# Analysis

This is my analysis of WorldBank's maternal mortality data.

## Cleaning

First, I'm going to load and clean the data. Loading the data is just going to involve standard
`pathlib` operations. In place of null values, the data uses '..'. So first, I'm going to convert those into
`NaN` values, before converting all of the year data into integer types.
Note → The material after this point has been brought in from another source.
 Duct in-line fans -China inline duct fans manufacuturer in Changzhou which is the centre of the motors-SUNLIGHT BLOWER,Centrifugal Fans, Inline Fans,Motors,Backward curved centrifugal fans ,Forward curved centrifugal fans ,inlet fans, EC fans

From there, I'm going to convert the year columns into a single year column.

In [1]:
import collections
import json
from pathlib import Path
import re

import altair as alt
import numpy as np
import pandas as pd

# reduce Jupyter size by saving altair data as external urls
# https://altair-viz.github.io/user_guide/faq.html
alt.data_transformers.enable('json')

PROJ_ROOT = Path("..")
DATA_ROOT = PROJ_ROOT / "data/"
WORLDBANK_DATA = DATA_ROOT / "worldbank-data.csv"
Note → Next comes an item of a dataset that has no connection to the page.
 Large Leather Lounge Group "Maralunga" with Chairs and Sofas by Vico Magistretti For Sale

indicator = "Maternal mortality ratio (modeled estimate, per 100,000 live births)"
all_indicators = pd.read_csv(WORLDBANK_DATA)
filter_maternal_mortality = all_indicators[all_indicators["Series Name"] == indicator].copy()
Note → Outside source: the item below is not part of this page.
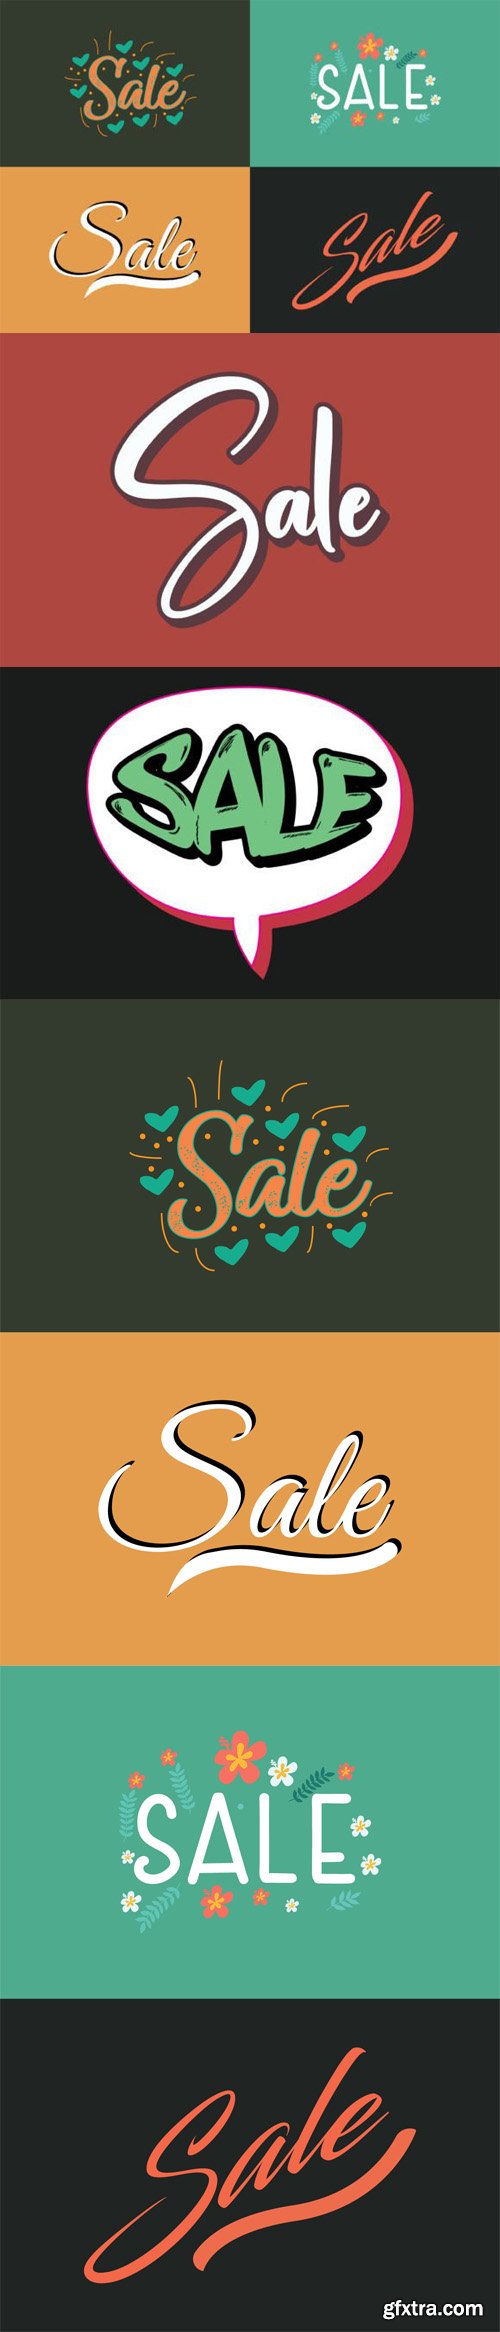 Sales Text Banners - Vector Hand Lettering Templates

# just make sure that each country is its own row
assert len(filter_maternal_mortality["Country Name"].unique()) == len(filter_maternal_mortality)
assert len(filter_maternal_mortality["Country Code"].unique()) == len(filter_maternal_mortality)

filter_maternal_mortality.head(2)

Unnamed: 0,Series Name,Series Code,Country Name,Country Code,2011 [YR2011],2012 [YR2012],2013 [YR2013],2014 [YR2014],2015 [YR2015],2016 [YR2016],2017 [YR2017],2018 [YR2018],2019 [YR2019],2020 [YR2020]
63909,"Maternal mortality ratio (modeled estimate, pe...",SH.STA.MMRT,Afghanistan,AFG,905,858,810,786,701,673,638,..,..,..
63910,"Maternal mortality ratio (modeled estimate, pe...",SH.STA.MMRT,Albania,ALB,22,17,16,16,15,16,15,..,..,..


In [2]:
year_filter = filter_maternal_mortality.filter(regex=r"(?P<year>[0-9]{4}) \[YR(?P=year)\]")
    
maternal_mortality = filter_maternal_mortality.melt(
    id_vars=["Country Name", "Country Code"],
    value_vars=year_filter.columns,
    var_name="year",
    value_name="mortality_rate"
)
maternal_mortality["mortality_rate"] = maternal_mortality.mortality_rate.replace(
    "..", np.nan
).apply(float)
maternal_mortality.head(3)

Unnamed: 0,Country Name,Country Code,year,mortality_rate
0,Afghanistan,AFG,2011 [YR2011],905.0
1,Albania,ALB,2011 [YR2011],22.0
2,Algeria,DZA,2011 [YR2011],116.0


## Analysis

From here, I'm going to analyze the maternal mortality data, using altair to visually inspect the data. I'll start simply by graphing the mean mortality across all of the countries and will move on to looking at specific years.

In [3]:
mean_mortality = maternal_mortality.groupby(
    ["Country Name", "Country Code"]
).mortality_rate.mean().reset_index().dropna().sort_values(
    by="mortality_rate", ascending=False
)

alt.Chart(mean_mortality).mark_bar().encode(
    x="mortality_rate",
    y=alt.Y("Country Name", sort="-x")
)

The visualization suggests that a lot of the places where maternal mortality is the highest are in poorer countries or are in countries with higher levels of conflict.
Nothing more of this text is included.